Task description: Please retype the listing exactly as it appears, skipping each picture.

Information shown:

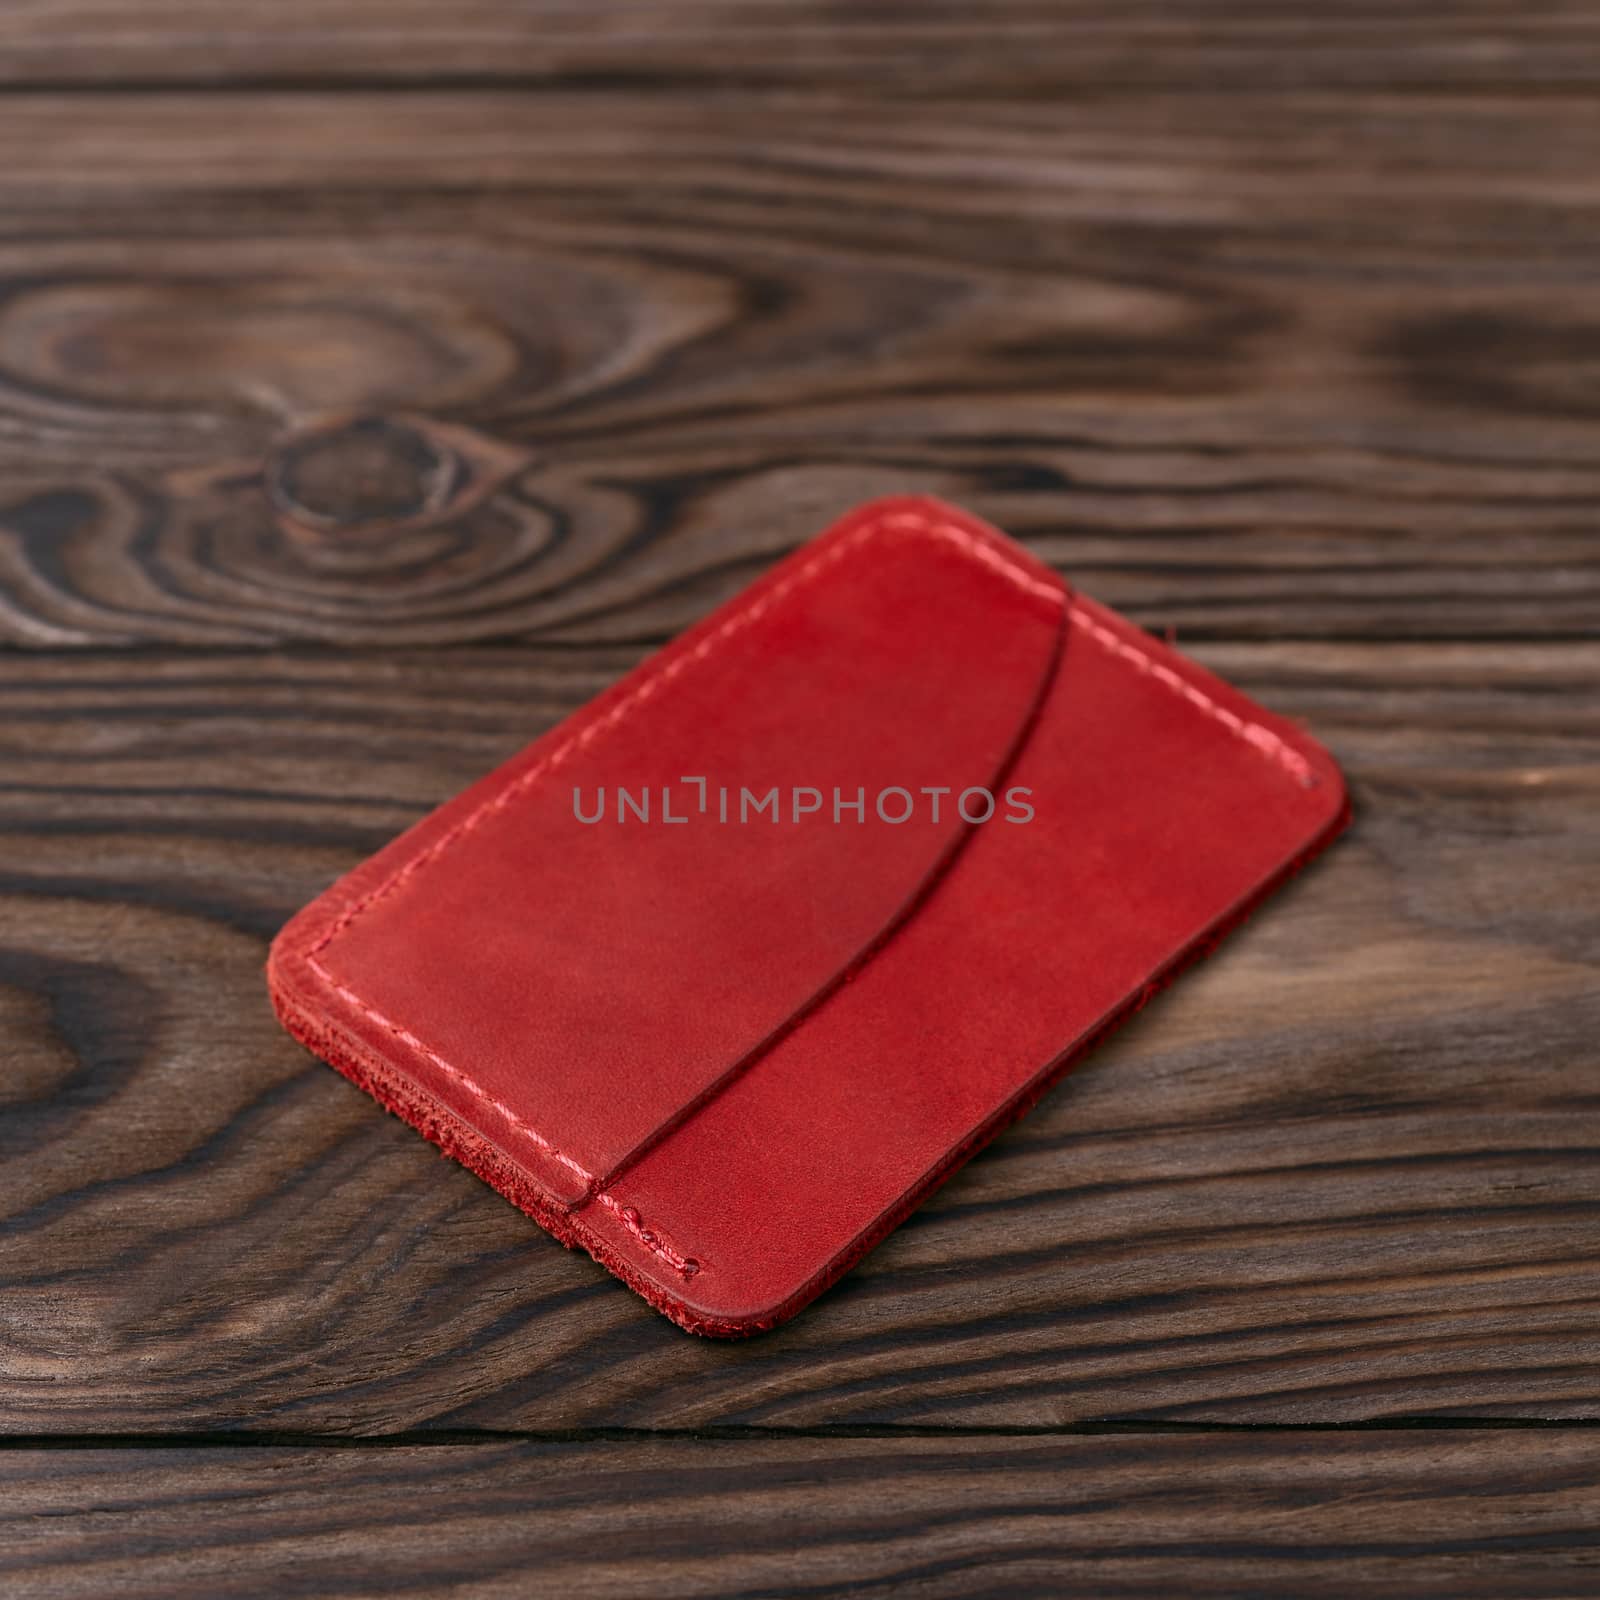 Red colour handmade leather one pocket cardholder on wooden background. Stock photo with soft blurred background.
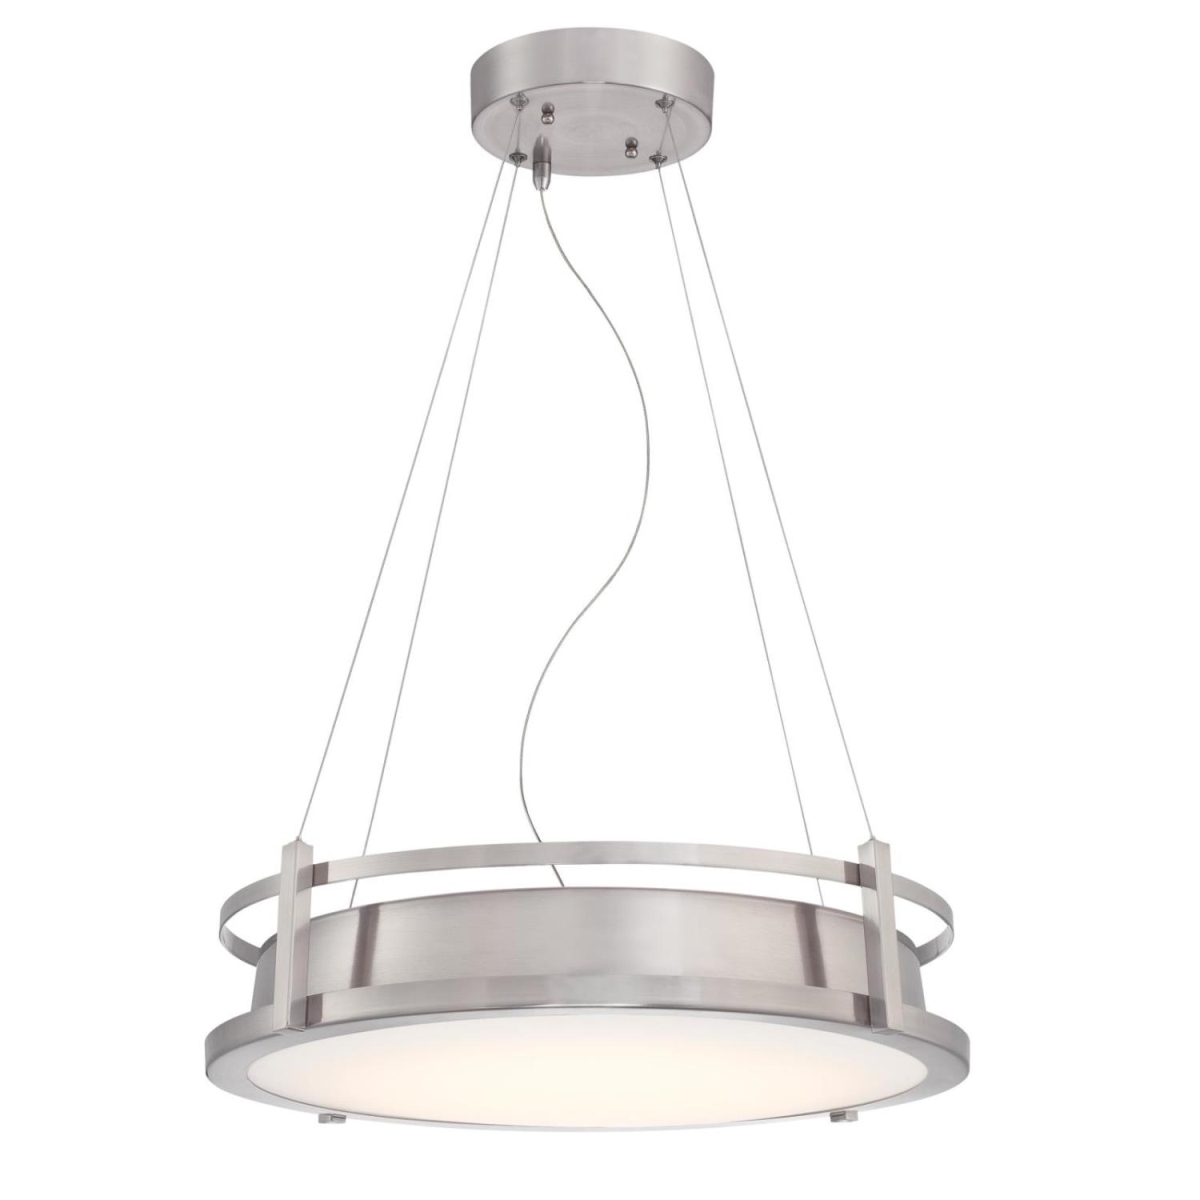 6372200 Led Chandelier With Frosted Lens - Brushed Nickel
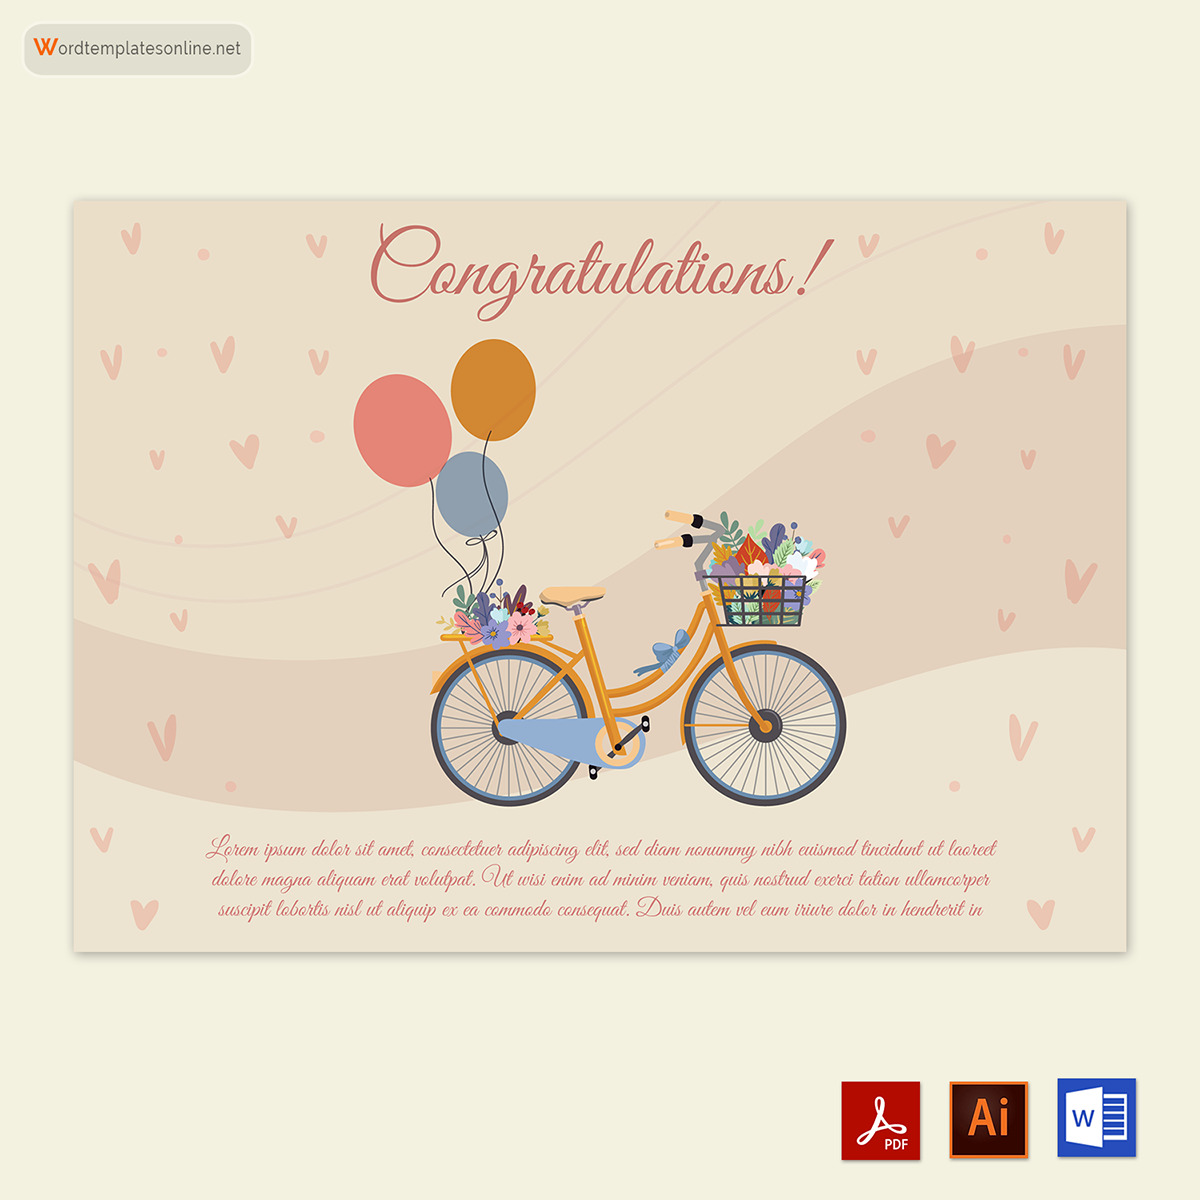 "Free congratulations greeting card format"

Answer space:
 Red colour handmade leather one pocket cardholder on wooden background. Stock photo with soft blurred background.
 6372200 Led Chandelier With Frosted Lens - Brushed Nickel
 "Free congratulations greeting card format"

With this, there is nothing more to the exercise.